In the experimental class dedicated to examining curriculum planning through iPhone application design, aka game design, my group is also examining sensory heightening through the senses. An important aspect of game design is to incorporate the surrounding world into the play with the mobile device. I believe we're doing that as well as deepening physiological curiosity. I also attended a lecture on something new called Augmented Reality--an "app" where your iPhone connects the functions of many of its applications at the same time, allowing the user to get information about a location photographed. See "Yelp."

Saturday, January 30, 2010

Considerations for a new market in China: Seniors

Our group has the privilege to work with Herman Miller, the notable "high-end" American brand that provides furnishing and interior design for office, homes, hotels, hospitals. I know it as a contractor of Charles and Ray Eames work in the 1940s and '50s. Now, Herman Miller is examining how it can assist the aging population to "Age in Place."

Recognizing that human nature becomes "chair centered" as it ages, Herman Miller is looking to not only bring chairs to China but environments for nursing homes, assisted living communities and private homes.

On pleasing aspect of HM is that they build their furniture in the country of its market. This new market will potentially bring employment opportunities.

Ruosi from Peking University voiced concern about the word "high-end" used in the Herman Miller design brief. I echoed that with a question that proposed a scenario wherein the market would only bear a certain price that might not be what HM is accustomed to but offered a foot into the market. The response was to show how distribution could work.

In closing for now, I foresee a large cultural hurdle being that the aging Chinese have come through the Cultural Revolution. Will they be looking for traditional comfort or something new?

Wednesday, January 27, 2010

Visiting collaborators from Beijing

Visiting collaborators from Peking University and Central Academy of Fine Art arrived today to begin a five month design project to benefit China's health care system. The d. school's Cross Cultural Design class is sponsored by four large companies: Nokia, The American Heart Association, Wrigley, and one more.

The engagement didn't wait for the workshop the next day, questions flew comparing incidence organic groceries,farmers' markets, maternity and child counting(how do you consider that-medicine or wellbeing?)and the PKU's compulsory Tai chi whereas the girls must take aerobics. There is one young man from the countryside and his parents are rice farmers.

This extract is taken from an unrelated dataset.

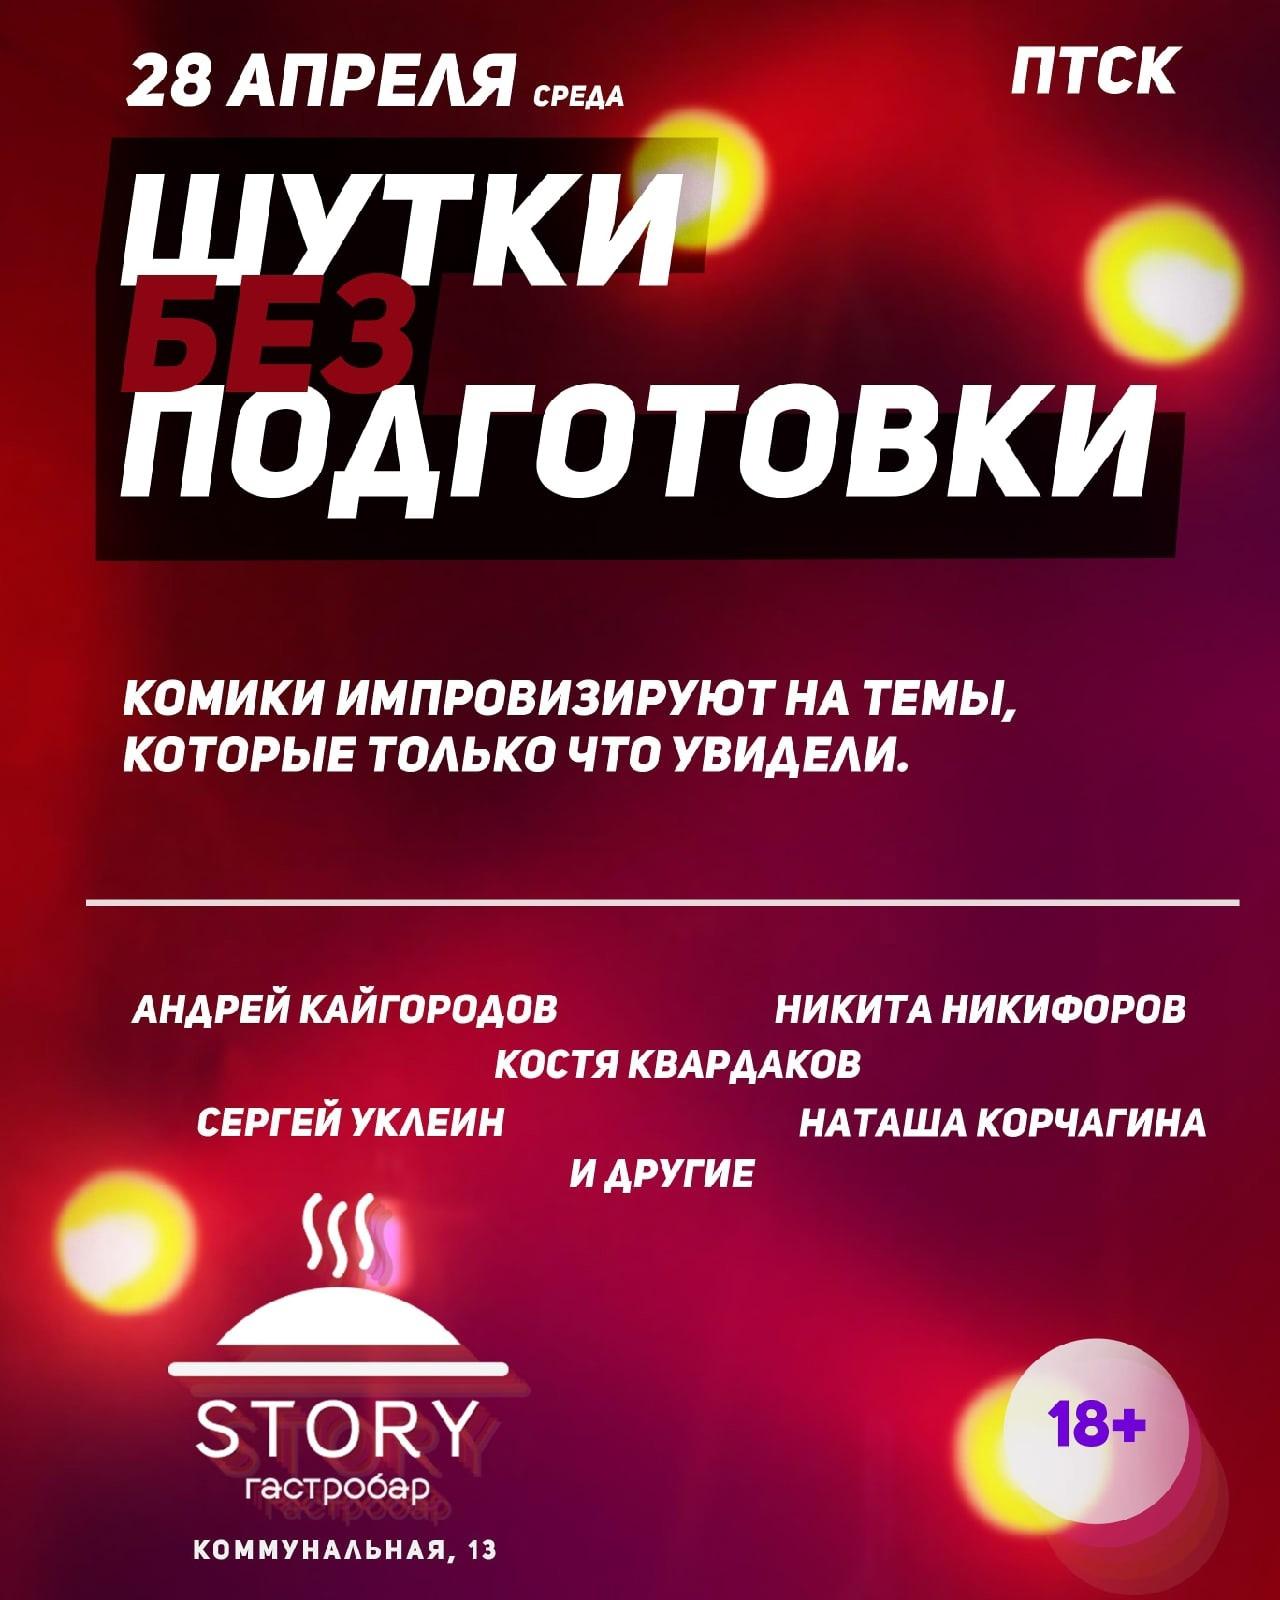 Закрытие фестиваля Рахманинова и много юмора: афиша тамбовских мероприятий. Часть 2

He is shyer to speak but his eyes pierce and his face is calm. The student s are in a variety of programs from law to business, a minor in German (we talked about Fassbiner, Herzog, Wim Wenders and Dorris Dorie), engineering and then there are the art studetns from CAFA....they're classic artschool characters and I'm looking forward to talking more with them.

The beautiful healthy lunch I planned came off well without a hitch.